И надо понимать, что для А. Солженицына нет понятия народ как просто арифметического собрания своих соотечественников. Народ, какой у Н. Бердяева – это «меньшинство», это для него те, кто работает над совершенствованием своей души, кто сохраняет в своей душе русские национальные ценности. Начальник культурно-воспитательной части Соловков, сын священника Успенский, который при своей «плохой» биографии убил своего отца якобы из-за «классовой ненависти», который освоил профессию палача и умел за ночь расстрелять десятки заключенных, не является представителем русского народа. И А. Солженицын несколько раз на протяжении всех частей «Архипелага Гулаг» повторяет, что подлинно русскими людьми являются «истинные религиозные люди», которые сохранили свою душу, свою веру. «На протяжении этой книги, – пишет он, – мы уже замечали их уверенное шествие через Архипелаг – какой-то молчаливый крестный ход с невидимыми свечами. Как от пулемёта падают среди них – и следующие заступают, и опять идут… И как нисколько это не картинно, без декламации… Как не позавидовать этим людям? Разве обстановка к ним благоприятнее? Едва ли! Известно, что „монашек“ только и держали с проститутками и блатными на штрафных ОЛПах. А между тем кто из верующих – растлился? Умирали – да, но – не растлились?[113]
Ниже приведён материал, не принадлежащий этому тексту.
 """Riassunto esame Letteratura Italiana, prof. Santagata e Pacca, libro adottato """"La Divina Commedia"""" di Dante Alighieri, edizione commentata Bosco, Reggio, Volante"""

И, конечно, самый эффектный способ сохранить веру в свой народ, защитить свою веру в будущее России – это показать, как в СССР постепенно росло сознание изначального отличия русскости как духовности, чувства сострадания к „несчастьненьким“ от большевистского бесовства. А. Солженицын считает, что жертвы большевизма, представляющие старую Россию, „белые“, представители старой интеллигенции куда более достойно встречали смерть, чем сами большевики, их вожди. Репрессии 1936–1938 годов, пишет А. Солженицын, конечно страшная вещь, но они имели ту пользу, что показали нам, какое убожество, моральное уродство пришло к власти в России в 1917 году. „Может быть, 37 год и нужен был для того, чтобы показать, как мало стоит все их мировоззрение, которым они так бодро хорохорились, разворошивши России, громя ее твердыни, топча ее святыни, – Россию, где им самим такая расправа не угрожала. Жертвы большевиков с 1918 по 1936 никогда не вели себя так ничтожно, как ведущие большевики, когда пришла гроза на них. Если подробно рассматривать всю историю посадок и процессов 1936-38 годов, то отвращение испытываешь не только к Сталину с подручными, но – к унизительно-гадким подсудимым – омерзение к душевной низости их после прежней гордости и непримиримости“[114]
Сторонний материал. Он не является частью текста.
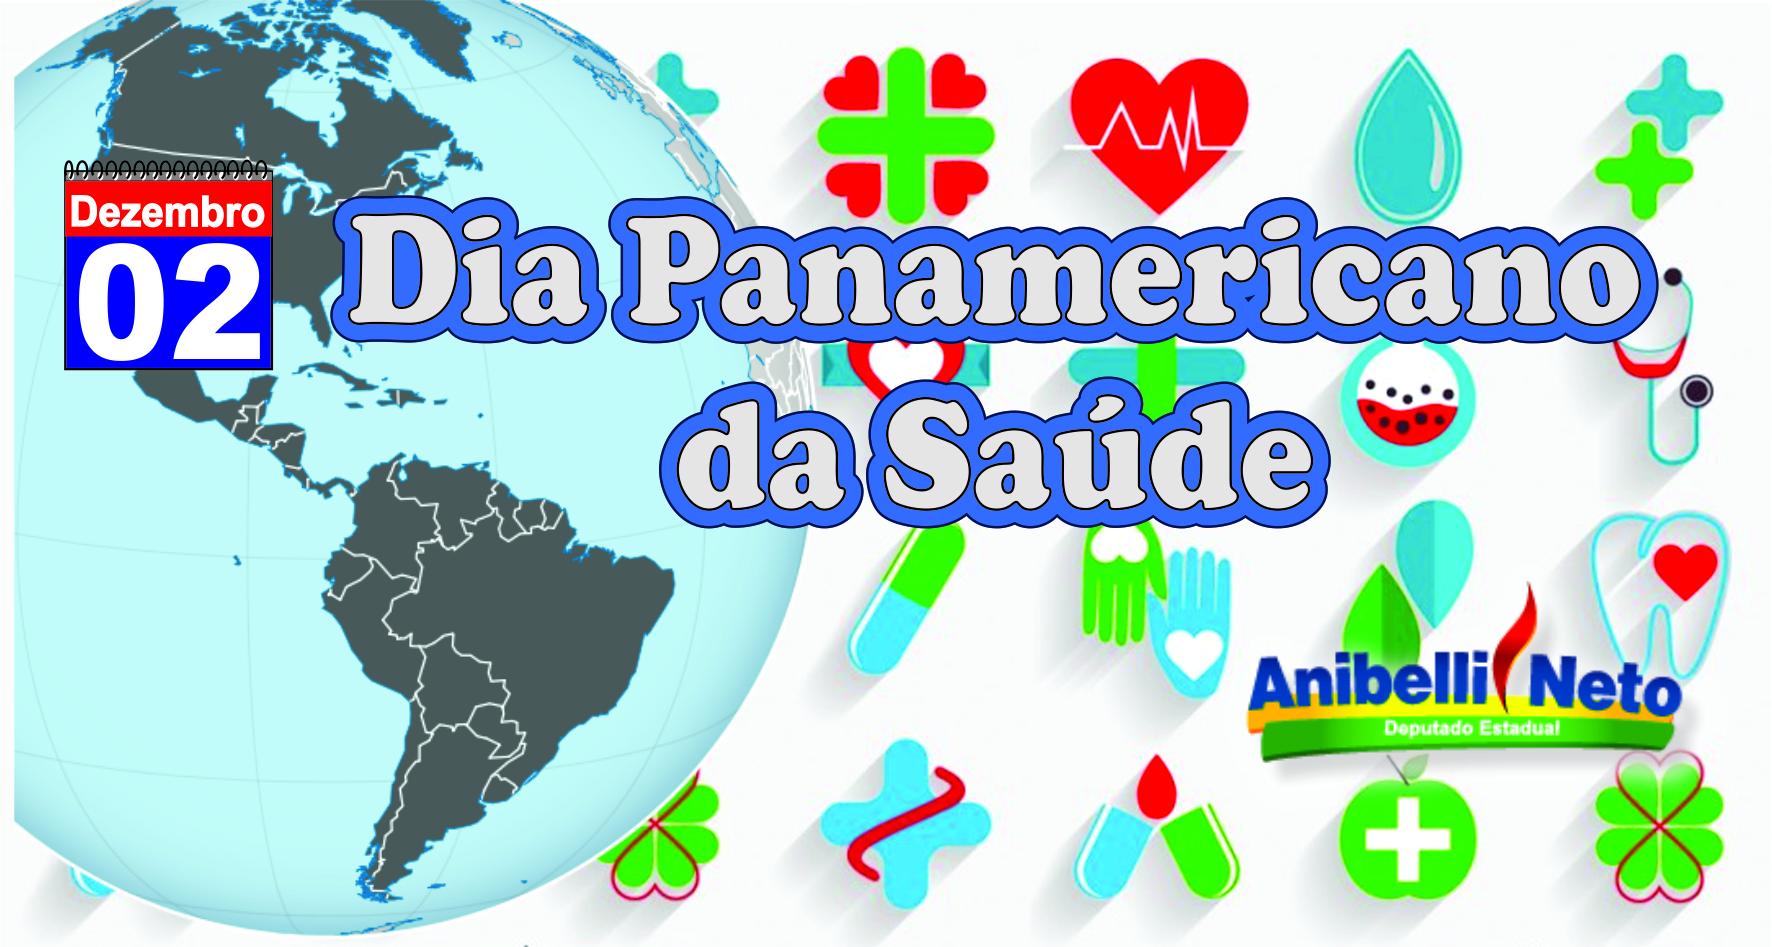 Dia Panamericano da Saúde

.Проявлением античеловеческой сути большевизма А. Солженицын считает и политику отъема у человека всего, что дает ему ощущение отдельности, обособленности. Сначала отняли у него друга лошадь, а вскоре они „неотступно стали преследовать второго друга – собаку. Их брали на учет, свозили на живодерню, а чаще особыми командами от местных советов застреливали каждую встречную. И на то были не санитарные и не… экономические соображения, основание глубже: ведь собака не слушает радио, не читает газет… и ее сила идет не на государство, а для защиты хозяина как личности“[115]
.Для А. Солженицына моральными уродами являются не только те, кто, как вожди большевизма, создавали программу уничтожения основ русской жизни, но и тех, кто воплощал в жизнь основы ленинизма. Ленинцы для А. Солженицына как правило идиоты и моральные уроды. „В кабинете Кудлатого (начальника одного из лагерей) – стопы ленинских томов. Он вызывает В. Г. Власова и поучает: „Вот тут Ленин пишет, как надо относиться к паразитам“ (Под паразитами он понимает заключенных, выполнивших только 100 %, а под пролетариатом – себя“.